„Madame Butterfly“ – damals und heute

Bild: Madame Butterfly, Programmheft – Anfang

Nein, es war nicht alles schlecht in der DDR. Zum Beispiel gab es da ein sehr preiswertes Theateranrecht für Schüler, durch das man alle Spielstätten in Leipzig kennenlernen konnte.

Auf diese Weise habe ich im Opernhaus zweimal „Madame Butterfly“ gesehen: Einmal in der 10. Klasse, und dann (in der neuen Anrechtsreihe) als Berufsschüler. Diese Doppelung hat mich nicht gestört; im Gegenteil hat sie dazu beigetragen, daß ich die Opernmusik von Giacomo Puccini liebgewonnen habe.

Nach über 50 Jahre war es mir nun kürzlich wieder einmal vergönnt, die Oper „Madame Butterfly“ zu erleben. Diesmal nicht in Leipzig, sondern in der Berliner Staatsoper. Das Besondere an dieser Inszenierung war die Tatsache, daß die Premiere bereits im April 1991 stattfand (und ich somit der 122. Aufführung beiwohnte).

Verändert hatte sich seitdem natürlich die Riege der Sänger. Wenn man dann aber die Fotos im Programmheft sieht, muß man annehmen, daß die jetzige Aufführung insgesamt der Premierenfassung treu geblieben ist.

Das Bühnenbild atmet noch den Geist der gesellschaftlichen Umbruchszeit, d.h. es ist sehr schlicht gehalten, ohne jegliche spektakulären Effekte. Aber genau das hat mir gefallen; denn dadurch konnte die Musik erst richtig zur Geltung kommen.
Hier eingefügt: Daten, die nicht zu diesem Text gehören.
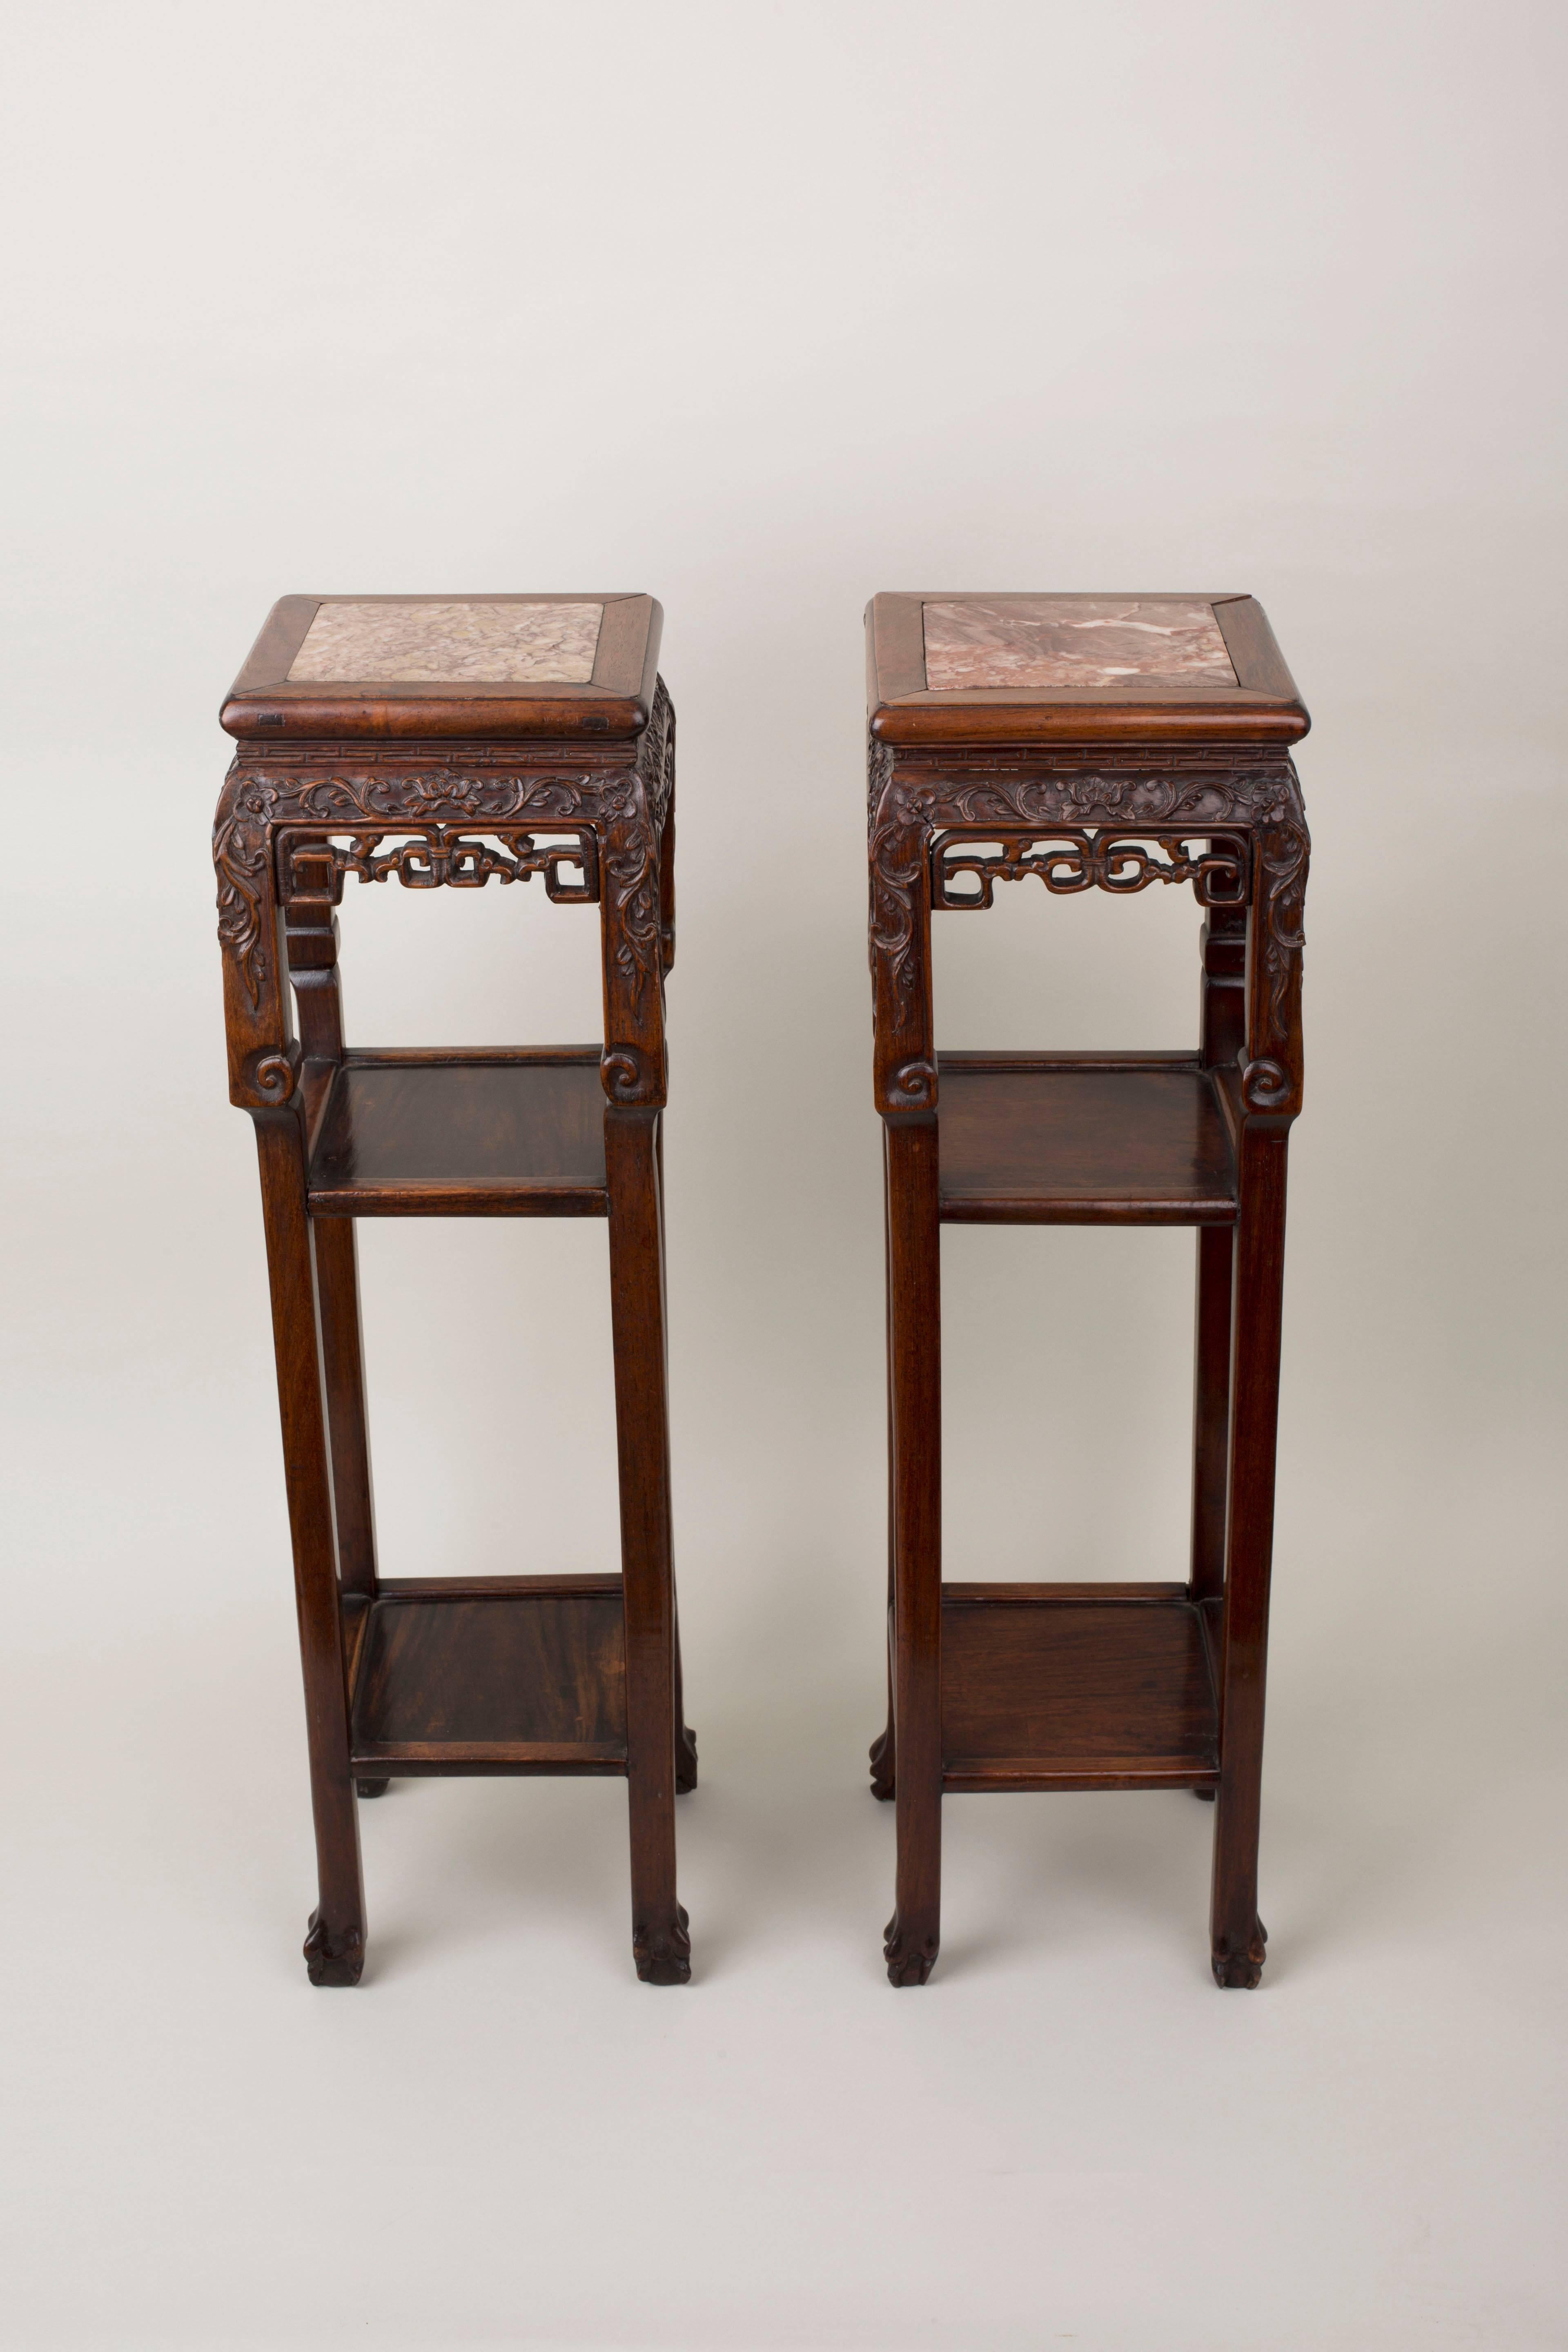 Qing Pair of Chinese Black Wood Hong Mu Square Pedestal Tables, 19th Century For Sale

Bild: Madame Butterfly, Programmheft – Schluss

Wenn ich mich recht erinnere, wurde „Madame Butterfly“ damals im Leipziger Opernhaus in deutscher Sprache interpretiert. Jetzt, in Berlin, wurde die Oper in der Originalsprache, also auf Italienisch, gesungen. Das ist der Musik auf jeden Fall gut bekommen. Allerdings habe ich mich mehrfach dabei ertappt, daß ich ungebührlich lange auf die eingeblendeten deutschen Übersetzungstexte schaute, so daß mir möglicherweise vom Darstellerischen her Einiges verlorenging.
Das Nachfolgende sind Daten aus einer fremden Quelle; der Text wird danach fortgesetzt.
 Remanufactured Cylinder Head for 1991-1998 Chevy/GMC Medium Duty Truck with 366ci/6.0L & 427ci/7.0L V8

Den großen Monolog der „Butterfly“ Cio-Cio-San im 2. Akt jedoch habe ich voll genießen können. Die polnische Sopranistin Aleksandra Kurzak leistete darin Erstaunliches und Ergreifendes.

Die Opern Puccinis haben – so wie viele Werke der Musik – etwas Zeitlos-Gültiges. Dies einmal ganz konkret zu erleben (wie damals und jetzt bei „Madame Butterfly“), stimmt mich froh und dankbar.